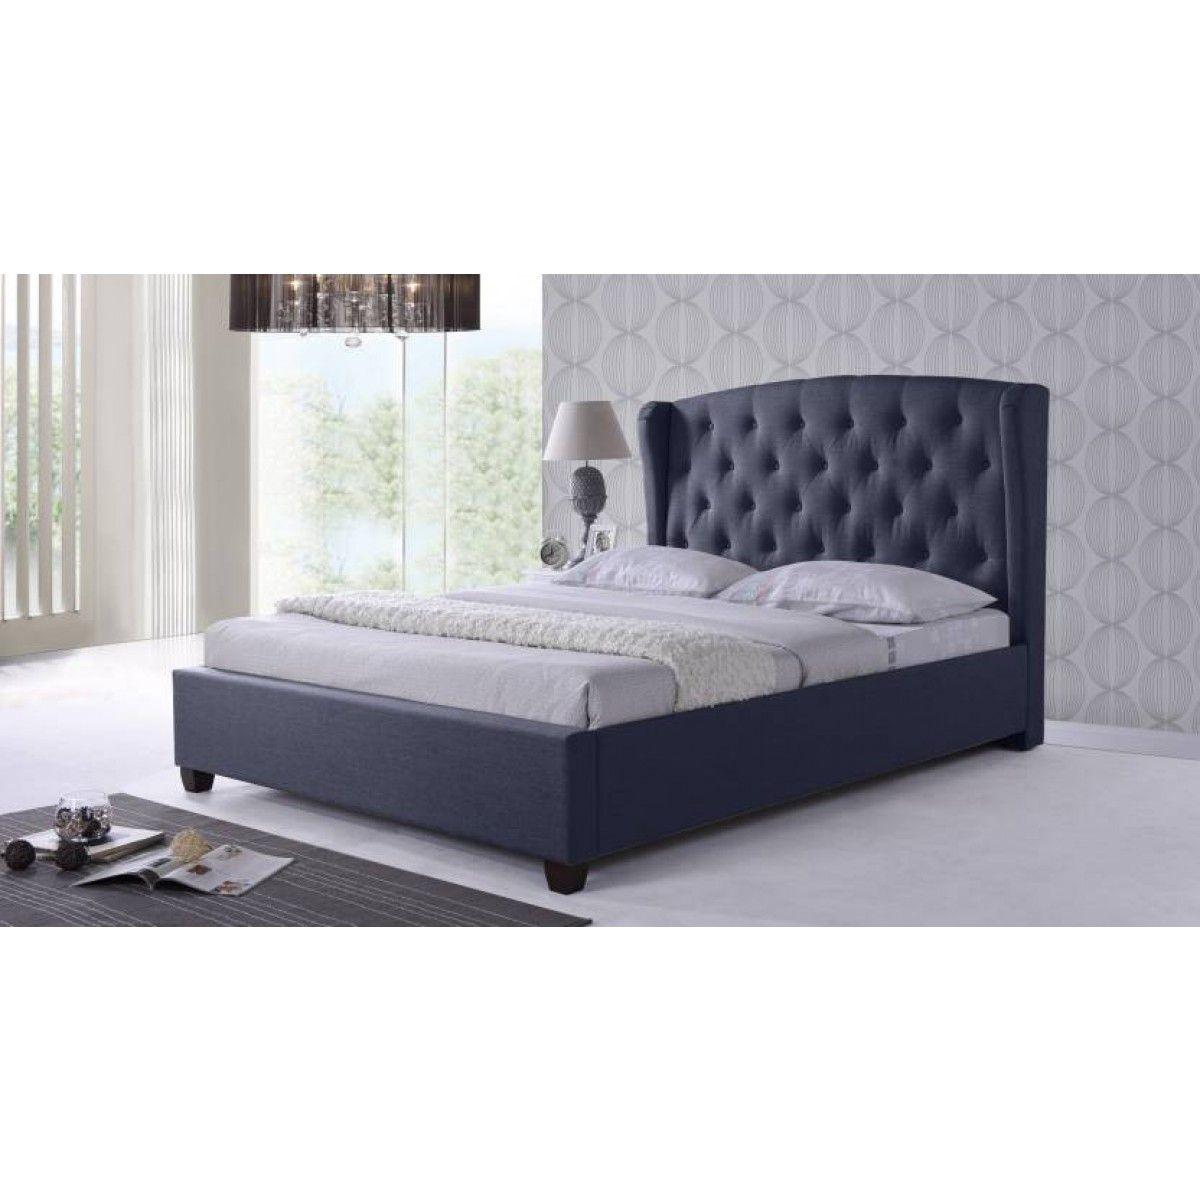 Gorevizon Holmebrook Upholstered Engineered Wooden King Size Bed Wooden King Size Bed Bed Design Full Size Bed
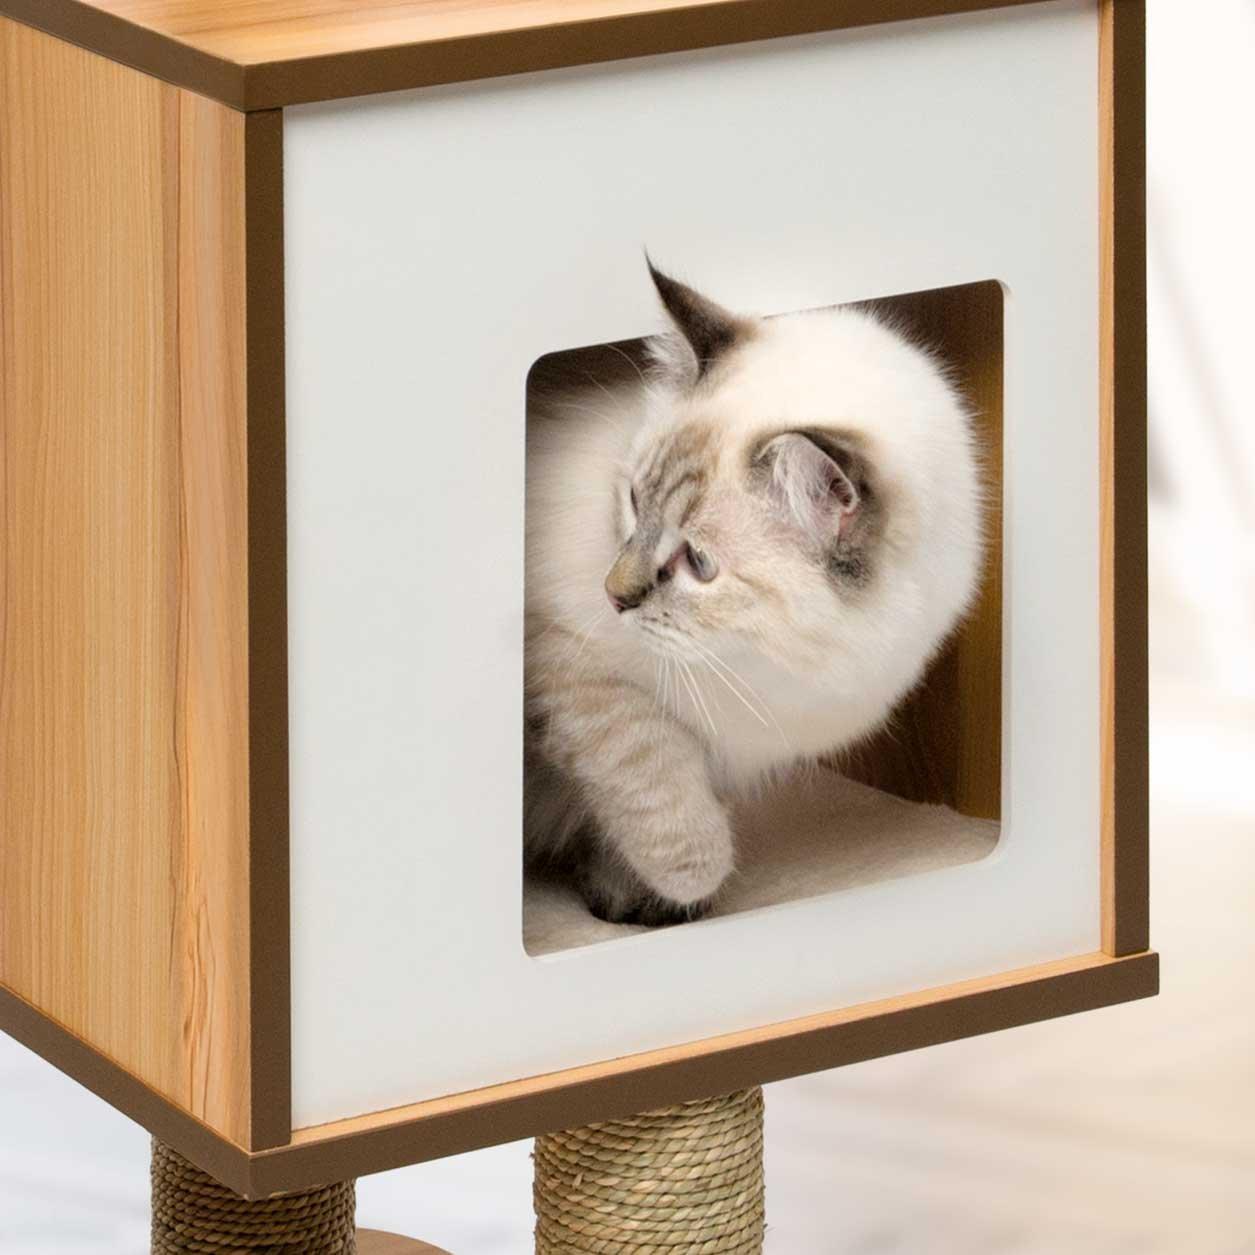 Amazoncom Vesper Cat Furniture Walnut VBase Pet Supplies - 22 cats living better life right now
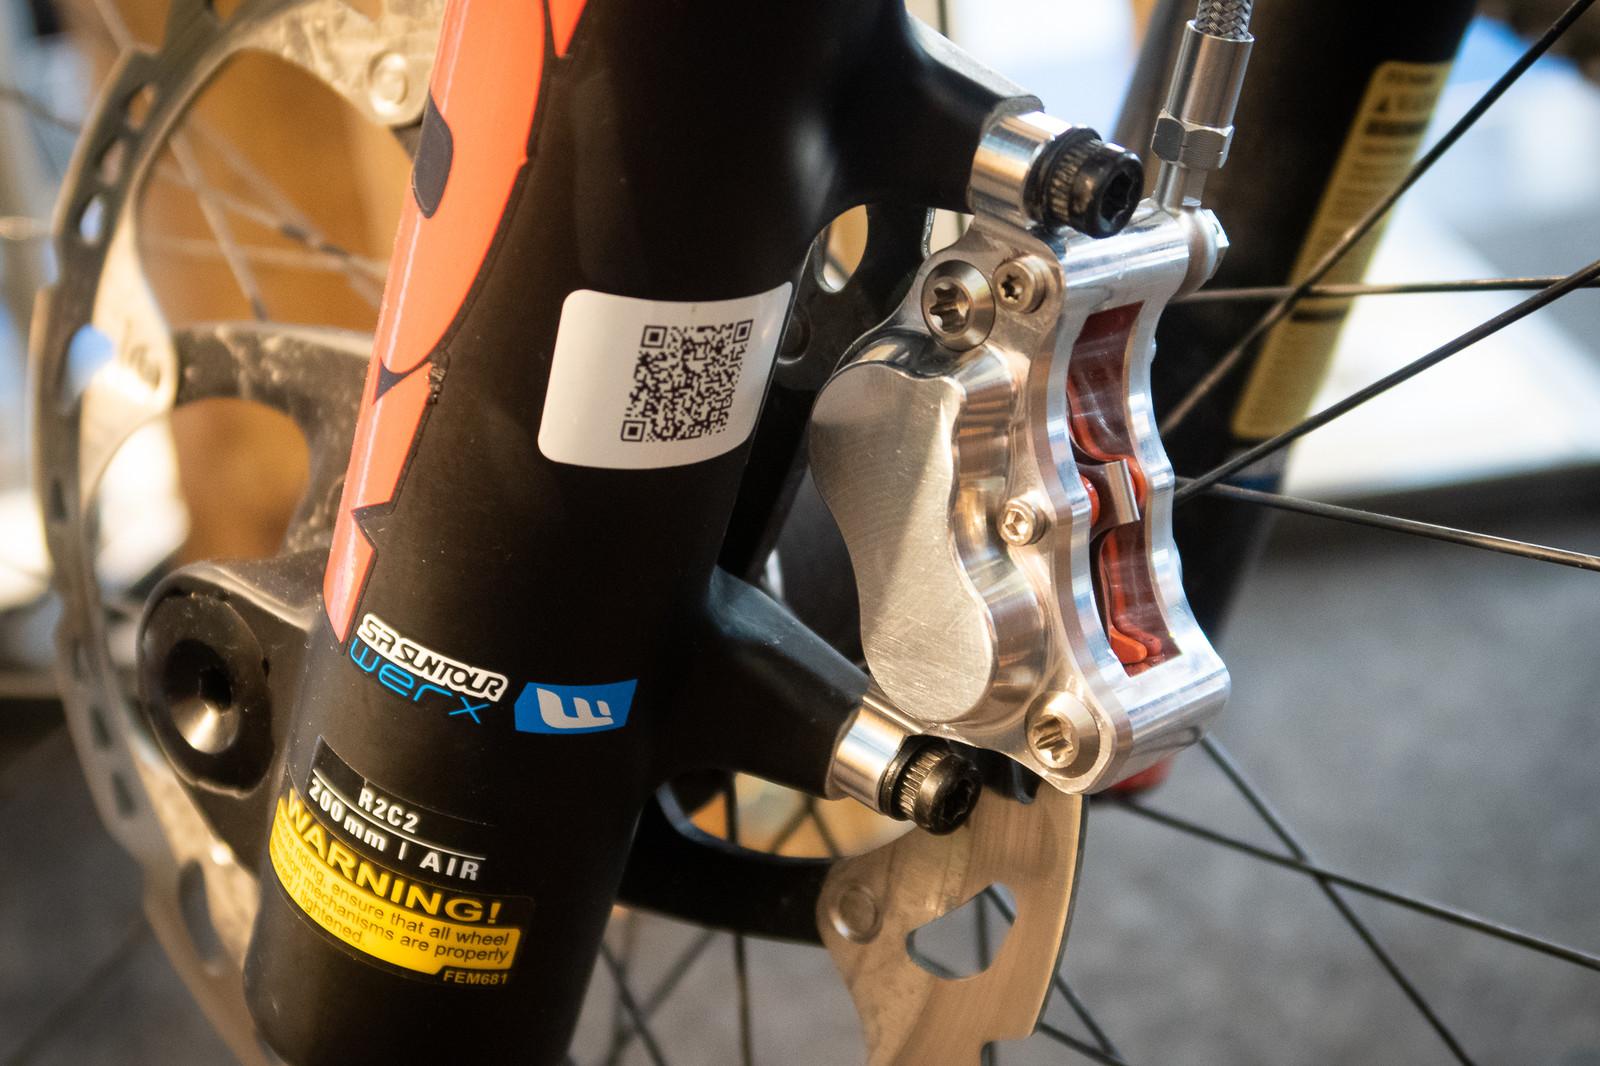 Trickstuff's New Direttissima Brakes at Eurobike

######

WHAT THE TASK REQUIRES
The reply must consist of the complete listing, reproduced exactly, with no images.

TASK RESULT
 Gorevizon Holmebrook Upholstered Engineered Wooden King Size Bed Wooden King Size Bed Bed Design Full Size Bed
 Amazoncom Vesper Cat Furniture Walnut VBase Pet Supplies - 22 cats living better life right now
 Trickstuff's New Direttissima Brakes at Eurobike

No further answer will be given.